Crushing Medical Conscience Rights
Got this in the mail from a friend who is a well-known activist involved in fighting assisted suicide. I publish it with his permission, with his name redacted:
I sense such exhaustion among pro-lifers and religious conservatives. When I speak, I tell them that people are saying, “Fine, do what you want. Just leave me alone.” And I tell them the problem with that is they WON’T leave you alone.
The same dynamic about which you write regarding LGBT issues is playing out in bioethics with regard to medical conscience. It isn’t enough that abortion is legal and euthanasia. It isn’t enough that children are being mutilated who are gender dysphoric or their normal puberties blocked-with unknown consequences later in life. Doctors MUST do it when asked-even if it violates their religious beliefs or professional consciences.

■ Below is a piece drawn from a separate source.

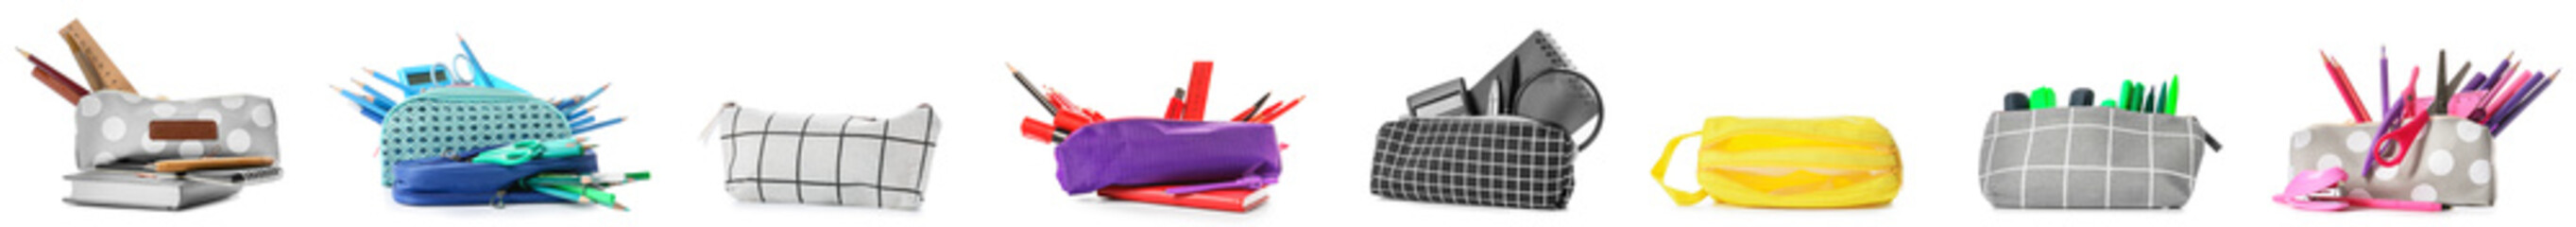 Set of pencil cases with school stationery on white background

In Canada, the Charter has stronger protections in this regard than our First Amendment, explicitly protecting “freedom of conscience and religion.” That didn’t help the Catholic doctors who sued to keep from having to participate in euthanasia as required by the Ontario College of Physicians and Surgeons (!!!). These MDS must either kill or provide an “effective referral,” which is procuring the doctor willing to commit homicide. An idea used in other provinces for the government to publish a public list of willing MDs was rejected because it would create stigma around MAID (medical aid in dying, the euphemism of choice for mercy homicide).
A court of appeals has now ruled that all doctors must perform all legal medical procedures when asked-known as assuring “equal equitable access to healthcare”-or find an area of practice in which they won’t be asked, or get out of medicine.
I have long written they want to drive pro-lifers out of health care. (I talk with pro-life students who are rejected from nursing and medical schools mysteriously.) It’s clear.
And they don’t care if there is a brain drain or that good doctors retire instead of bend the knee.
That crap is coming here once Trump is gone. The explosive reaction to his conscience rule at HHS proves it.
So, what choice do we have?
When people say they can’t understand how any Christian can vote for Trump, they need to think hard about this. Abortion and assisted suicide might seem like relatively minor things to you. Most assuredly they are not to us. We are talking about a regime under which physicians and other medical personnel are compelled to participate in what they regard as suicide, and/or a form of murder. This has never been the case before, but now it is in some places, and is coming here quickly.
Those who say that Christians have no business voting for Trump need to explain why it is morally preferable to vote for a president who would support these anti-life policies.
My feeling is that at best the Trump presidency buys us time. Maybe this means time to prepare the resistance. Maybe this means time for Christian and other dissident medical personnel to prepare for other careers. Maybe this means time for conservative political leadership to get its act together and fight hard to protect conscience rights of doctors and nurses. It ought to mean all three, at least. In The Benedict Option, I quoted someone who is very high up in the US medical profession:
Christian students and their parents must take this into careful consideration when deciding on a field of study in college and professional school. A nationally prominent physician who is also a devout Christian tells me he discourages his children from following in his footsteps. Doctors now and in the near future will be dealing with issues related to sex, sexuality, and gender identity but also to abortion and euthanasia. “Patient autonomy” and nondiscrimination are the principles that trump all conscience considerations, and physicians are expected to fall in line.
“If they make compliance a matter of licensure, there will be nowhere to hide,” said this physician. “And then what do you do if you’re three hundred thousand dollars in debt from medical school, and have a family with three kids and a sick parent? Tough call, because there aren’t too many parishes or church communities who would jump in and help.”
Does this mean that no Christian should go to medical school or law school or enroll in professional training to enter other fields? Not necessarily. It does mean, however, that Christians must not take for granted that within a given field, there will be no challenges to their faith so great that they will have to choose between their Christianity and their careers. Many Christians will be compelled to make their living in ways that do not compromise their religious consciences. This calls for prudence, boldness, vocational creativity, and social solidarity among believers.
I’m telling you: it’s coming, and it’s coming hard and fast.